RECORDS PROVIDED:
□ □ □ □ □ □ □

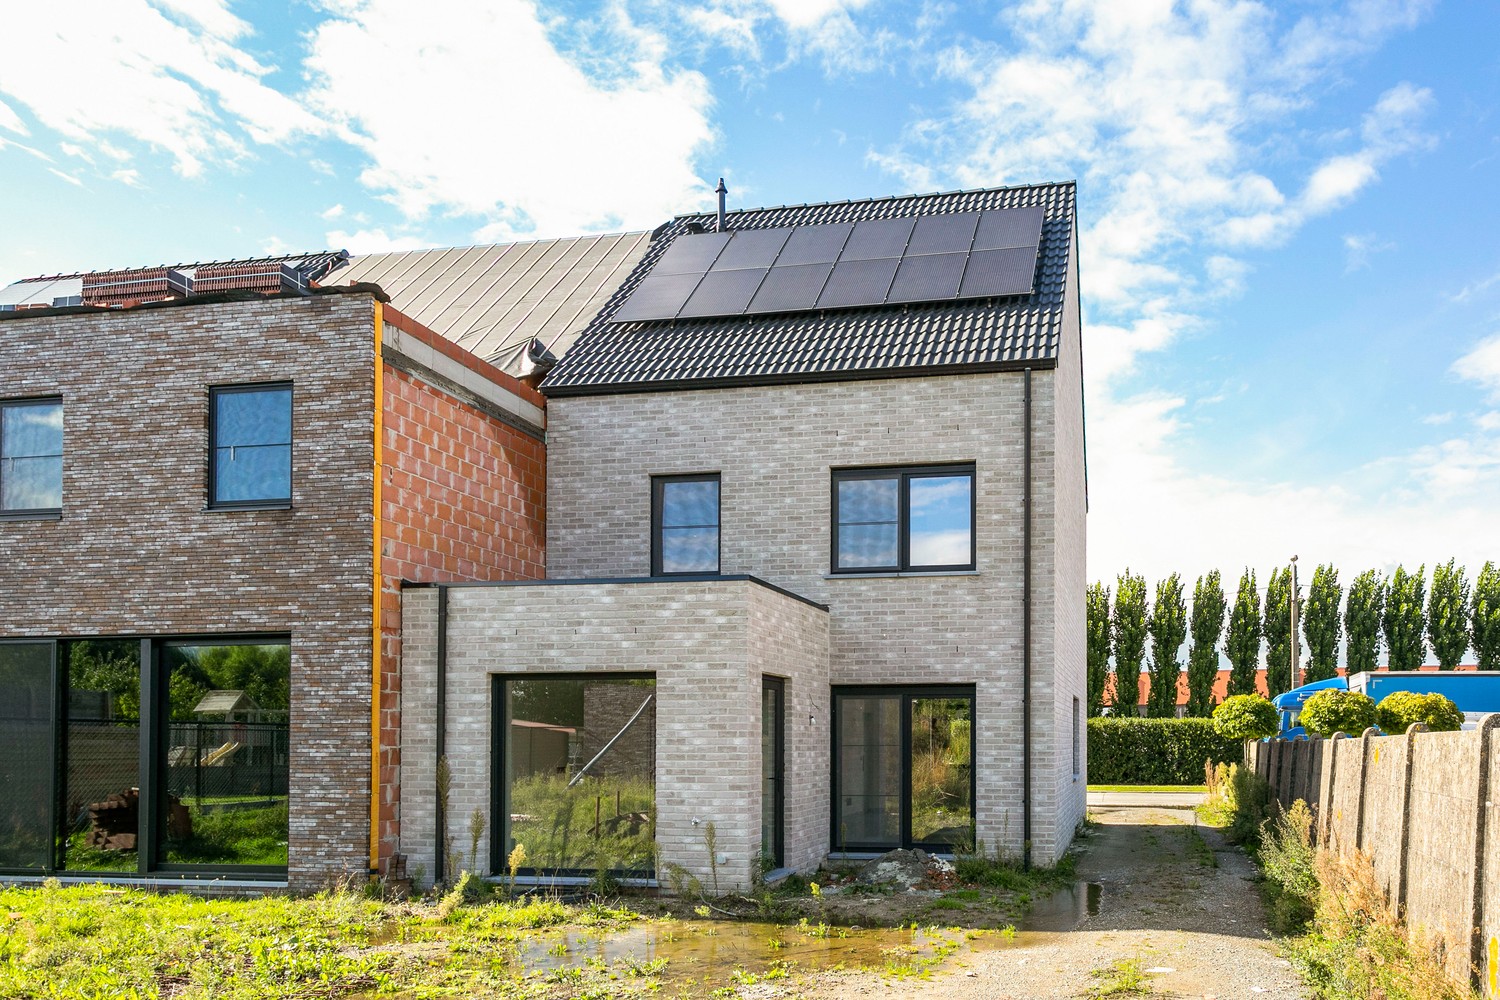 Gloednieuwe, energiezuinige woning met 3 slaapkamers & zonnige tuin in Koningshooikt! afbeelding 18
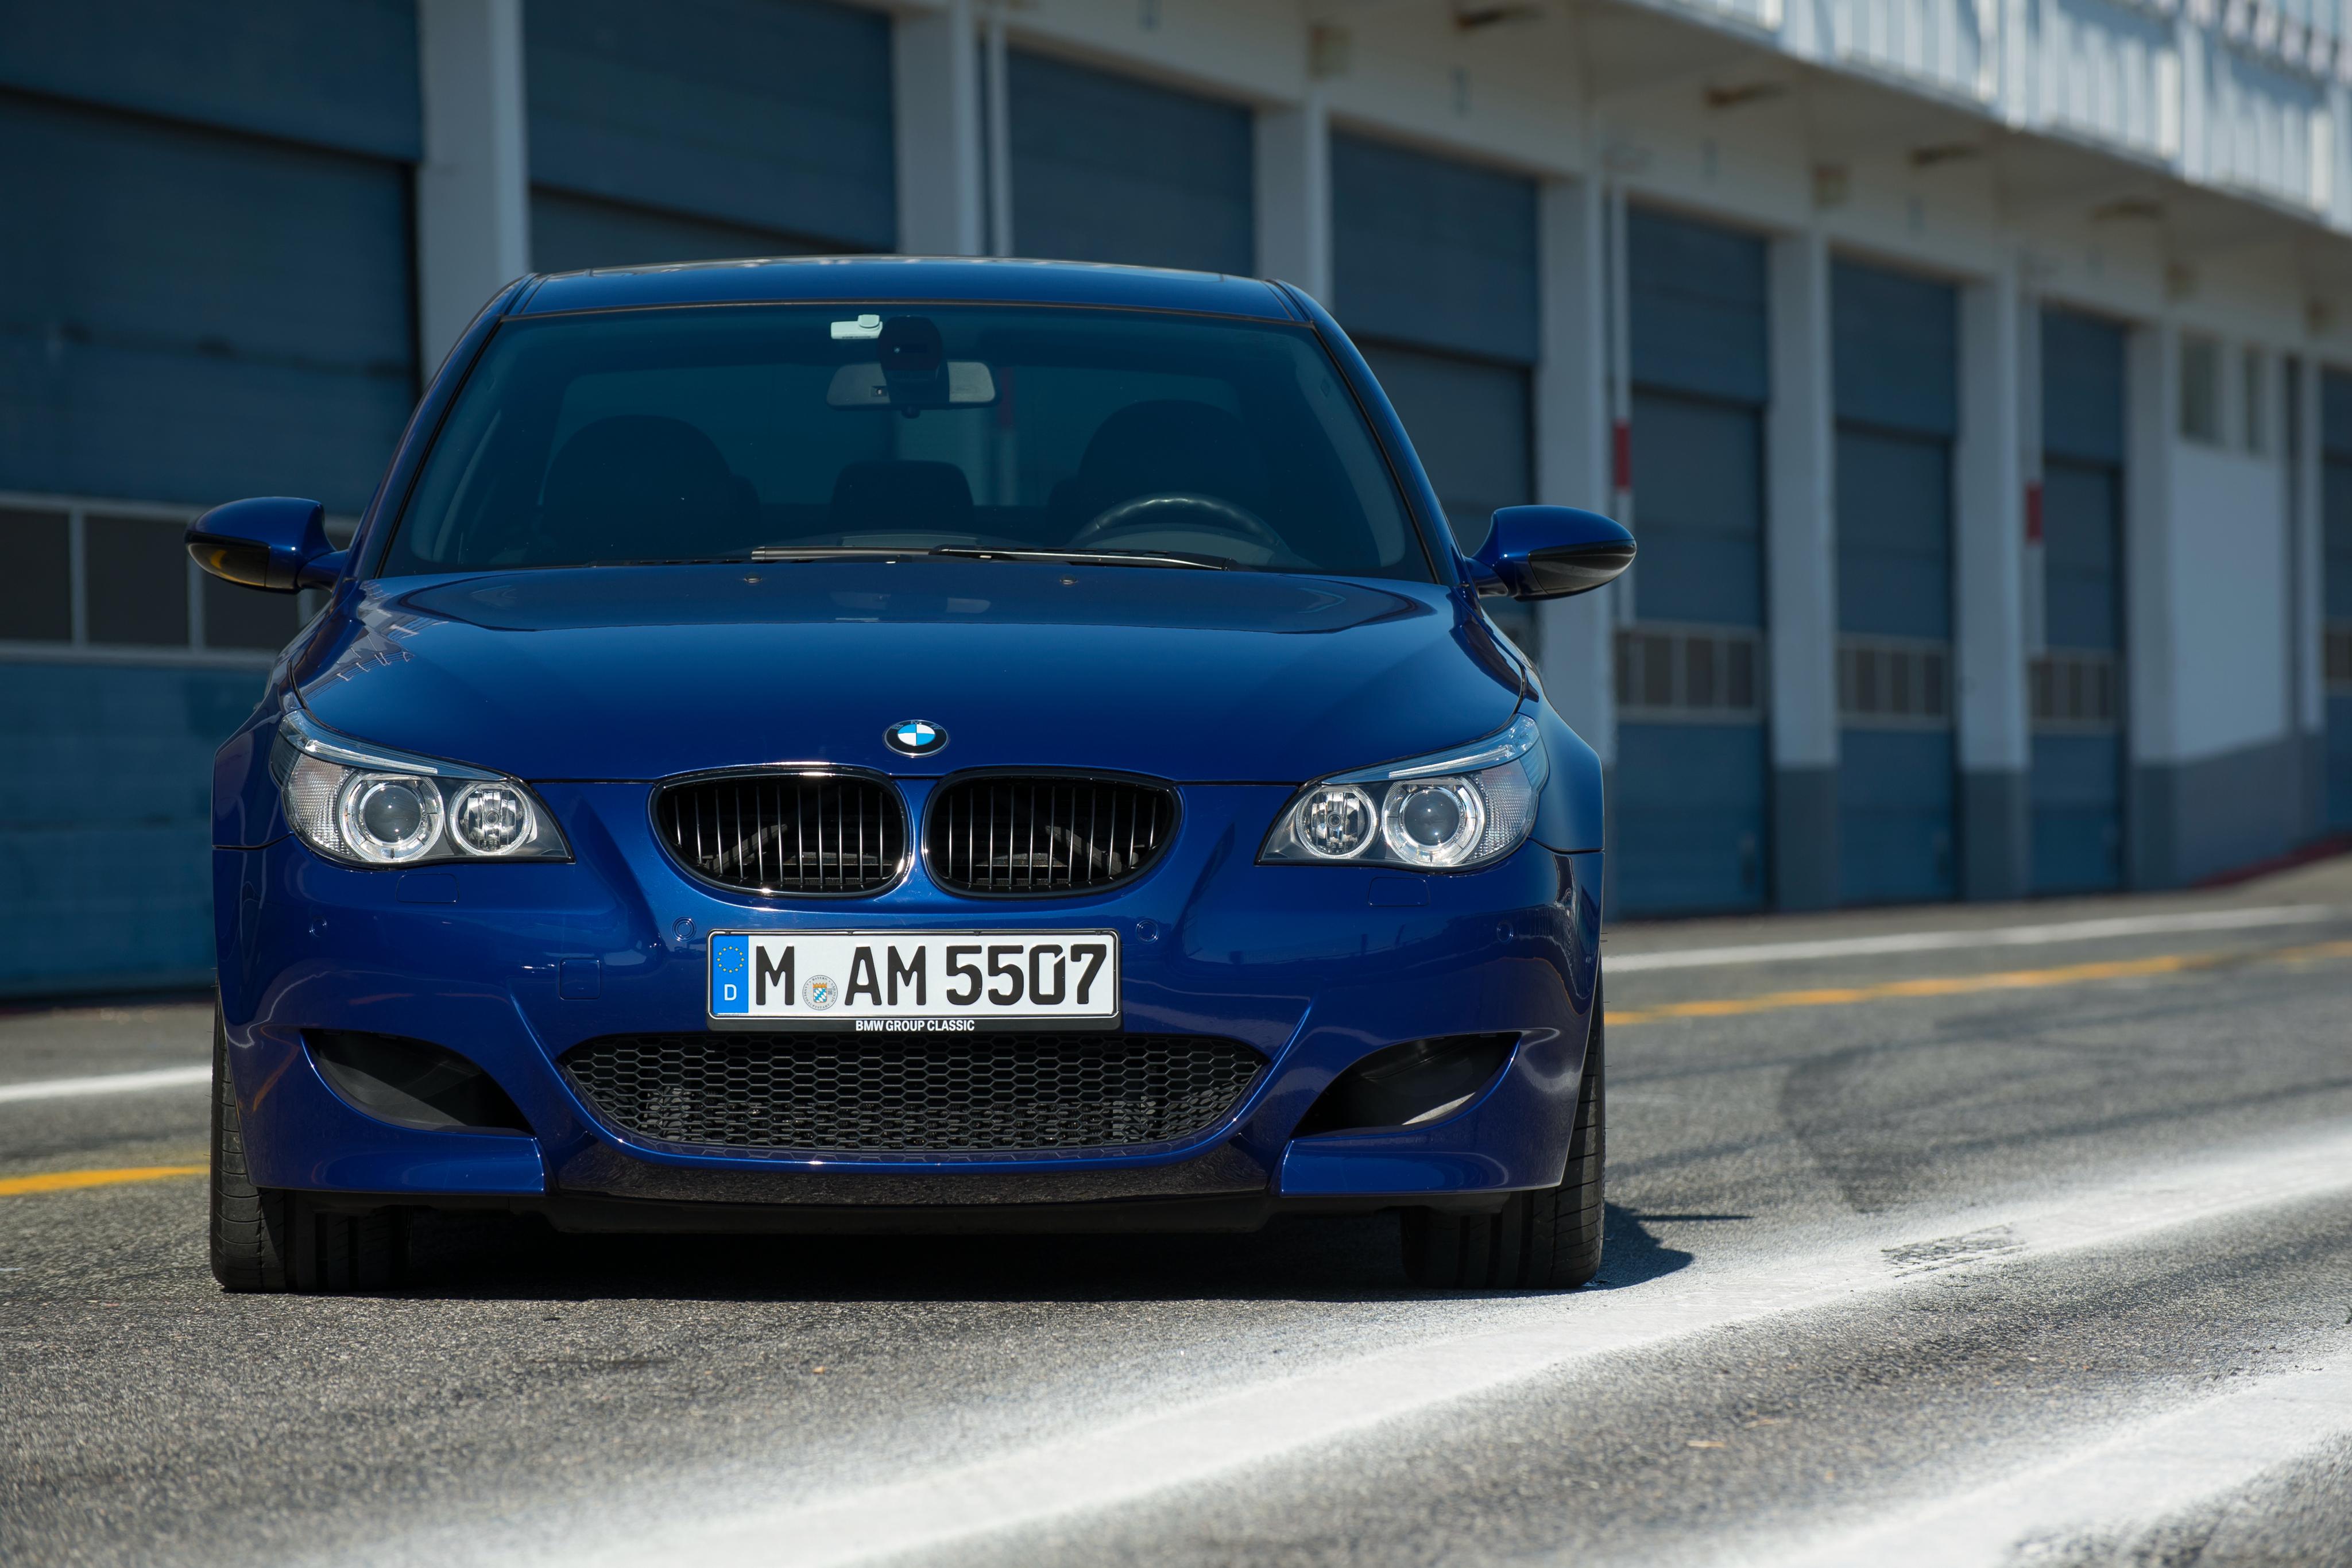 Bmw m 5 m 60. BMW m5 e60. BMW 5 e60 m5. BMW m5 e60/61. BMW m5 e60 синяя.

□ □ □ □ □ □ □

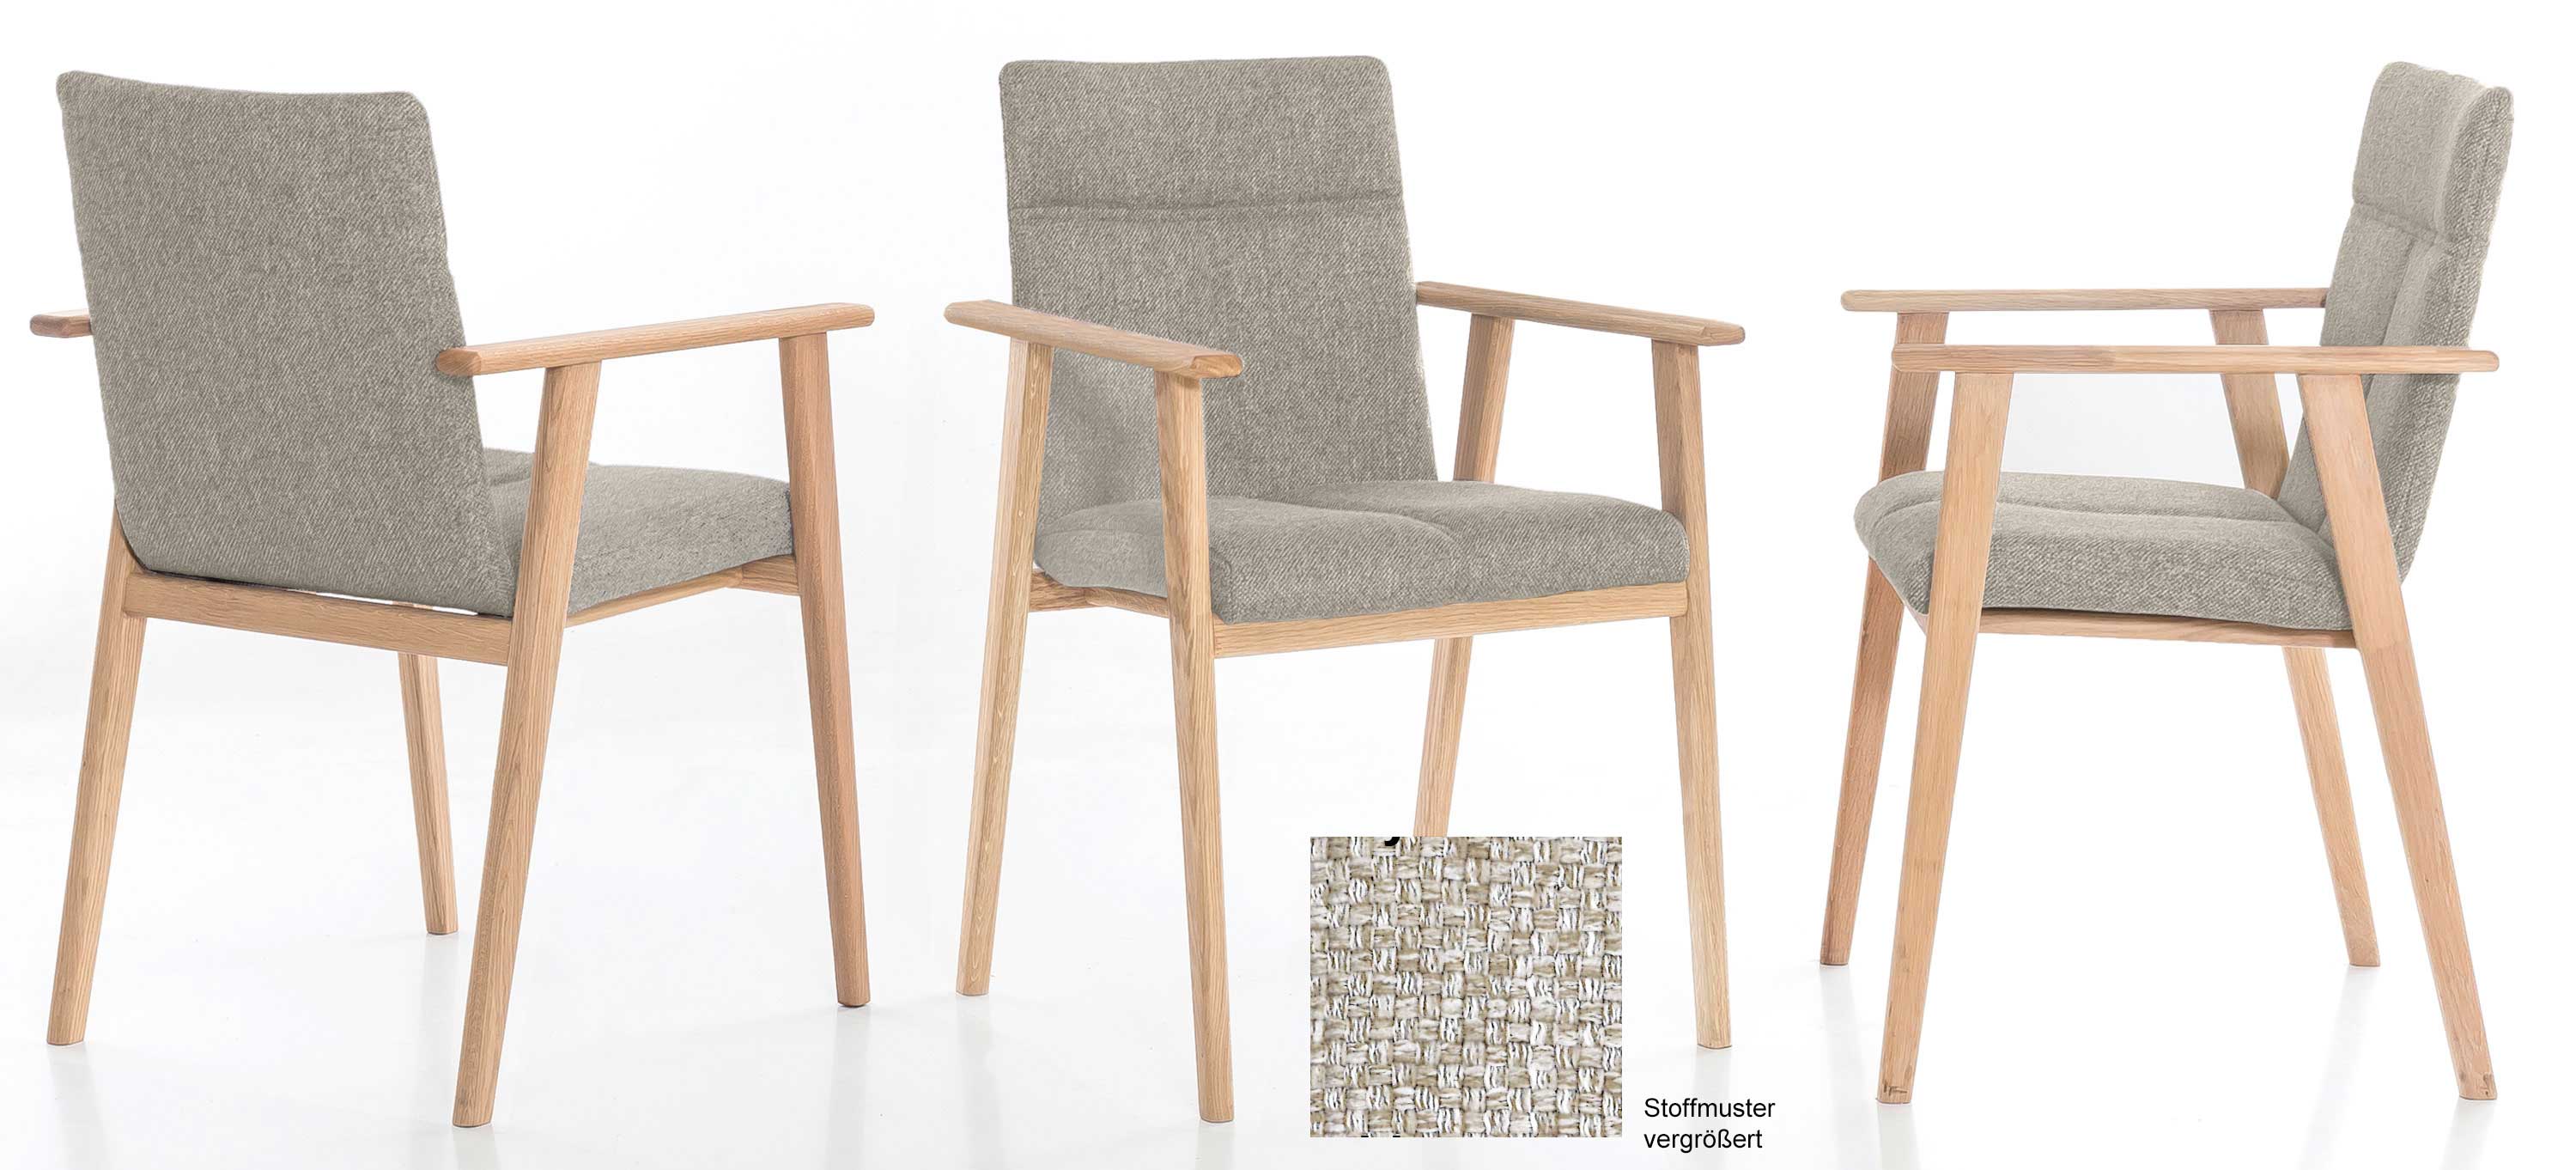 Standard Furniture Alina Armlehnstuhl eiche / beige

□ □ □ □ □ □ □

EXERCISE DESCRIPTION: Write back the stretch of lines above that begins with the line holding "Gloednieuwe, energiezuinige woning" and ends with the line holding "Bmw m 5 m 60.", both included, exactly as written. Pictures stay out.

EXERCISE ANSWER:
 Gloednieuwe, energiezuinige woning met 3 slaapkamers & zonnige tuin in Koningshooikt! afbeelding 18
 Bmw m 5 m 60. BMW m5 e60. BMW 5 e60 m5. BMW m5 e60/61. BMW m5 e60 синяя.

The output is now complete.